Only the lines from the one containing "#floor #decor #kitchendesign" through the final line below belong in the output, copied exactly and without pictures.
--- INPUT DATA Enclosed Below ---
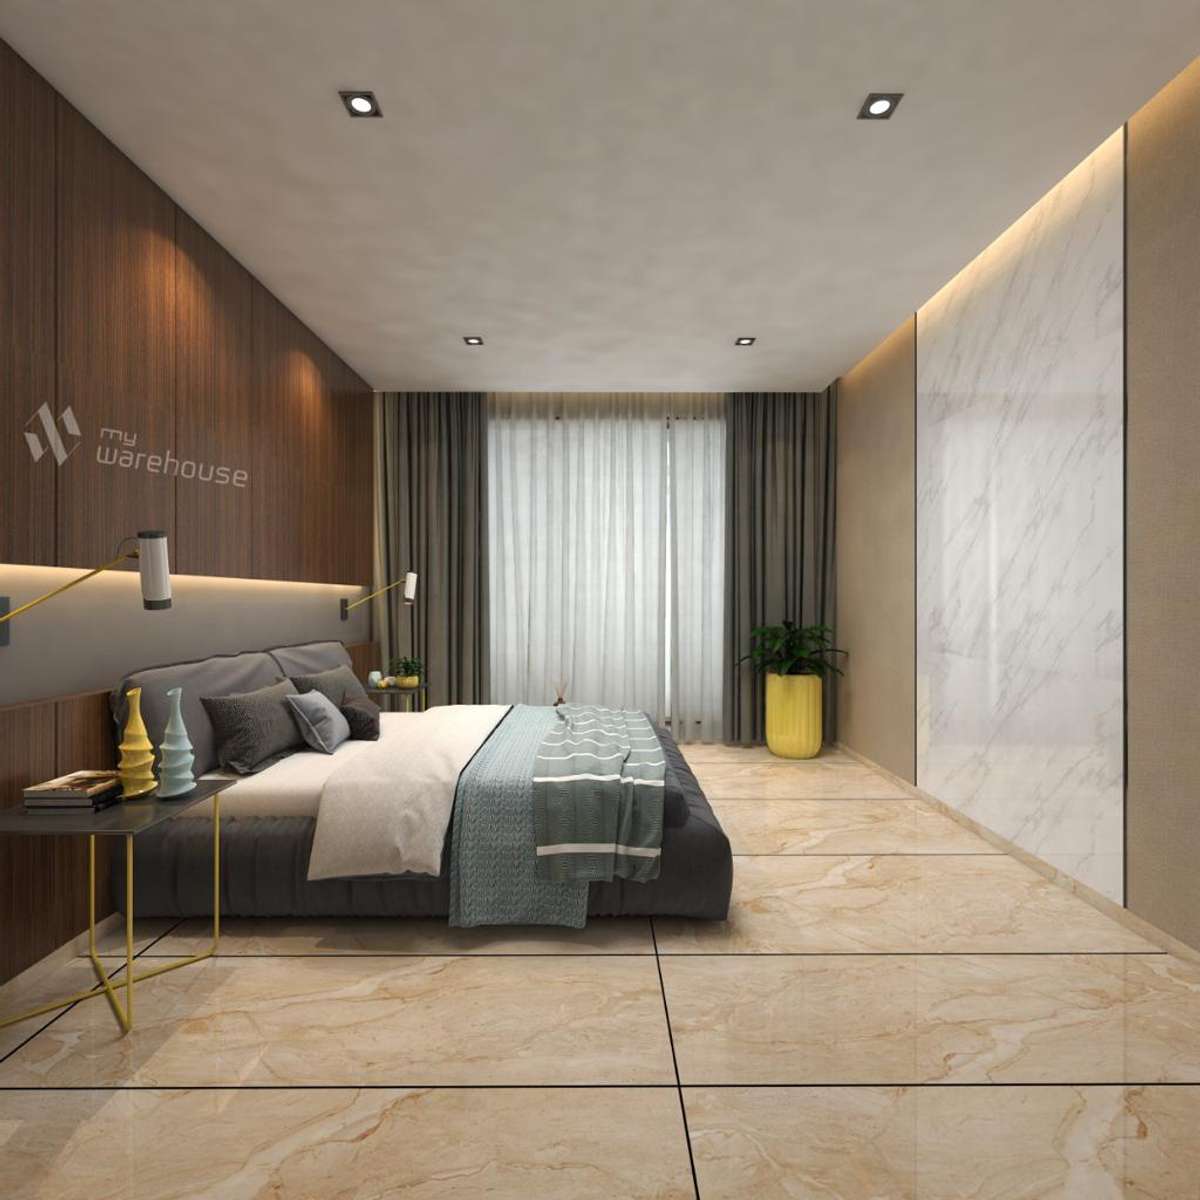 Bedroom view.

#tiles #tiledesign  #Renovation #walltile #tileaddiction #ceramictiles #porcelaintiles  #tilework #tilestyle #tileinstallation #shower #bathroomremodel #floor #decor #kitchendesign
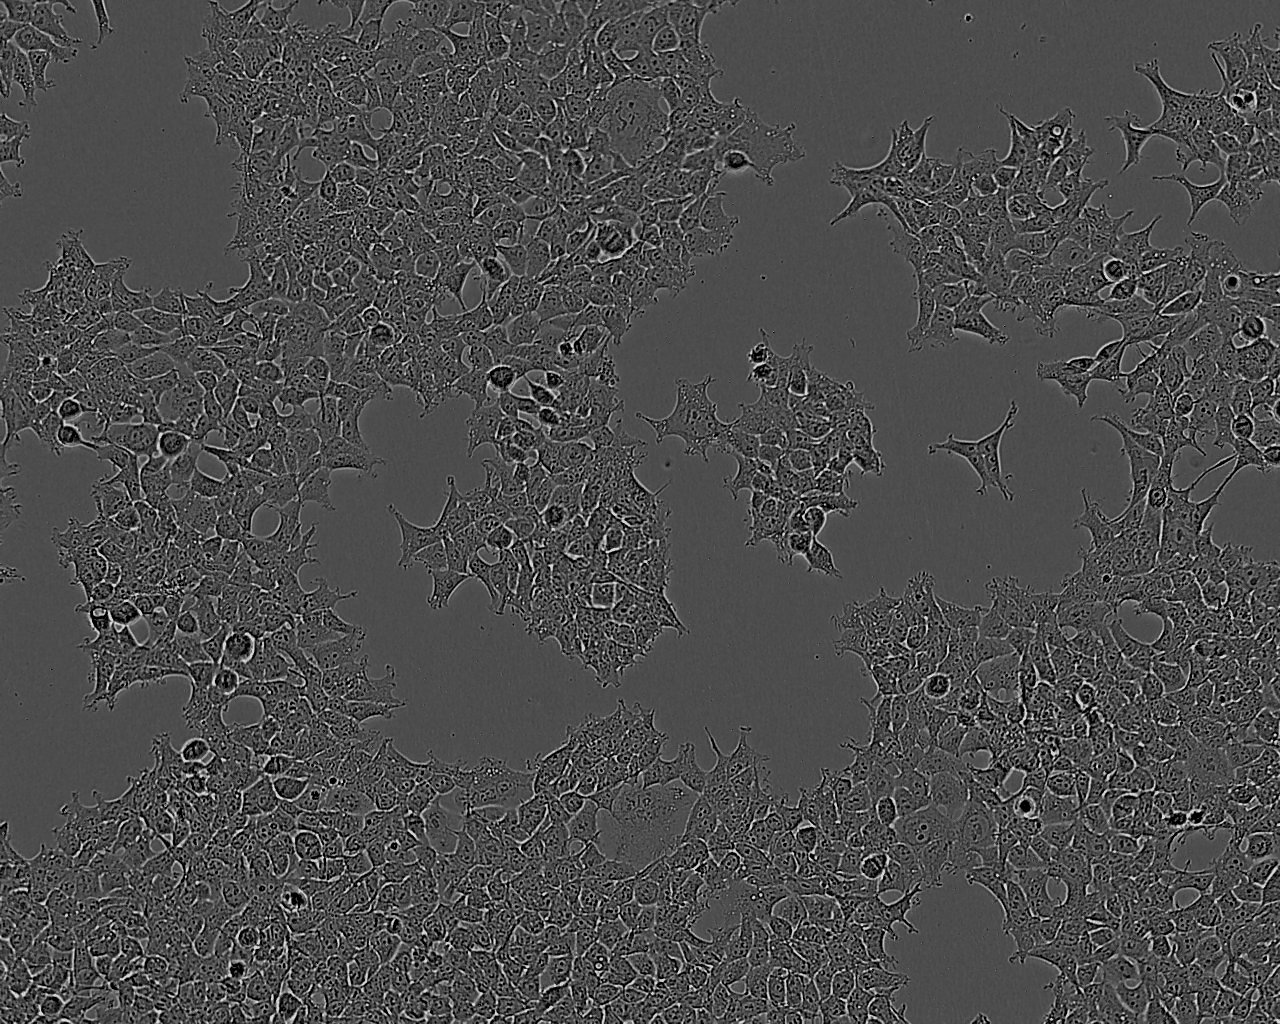 NCI-H1385 Cell:人肺癌细胞系,NCI-H1385 Cell
--- End of Enclosed INPUT DATA ---
## EXERCISE OUTPUT
#tiles #tiledesign  #Renovation #walltile #tileaddiction #ceramictiles #porcelaintiles  #tilework #tilestyle #tileinstallation #shower #bathroomremodel #floor #decor #kitchendesign
 NCI-H1385 Cell:人肺癌细胞系,NCI-H1385 Cell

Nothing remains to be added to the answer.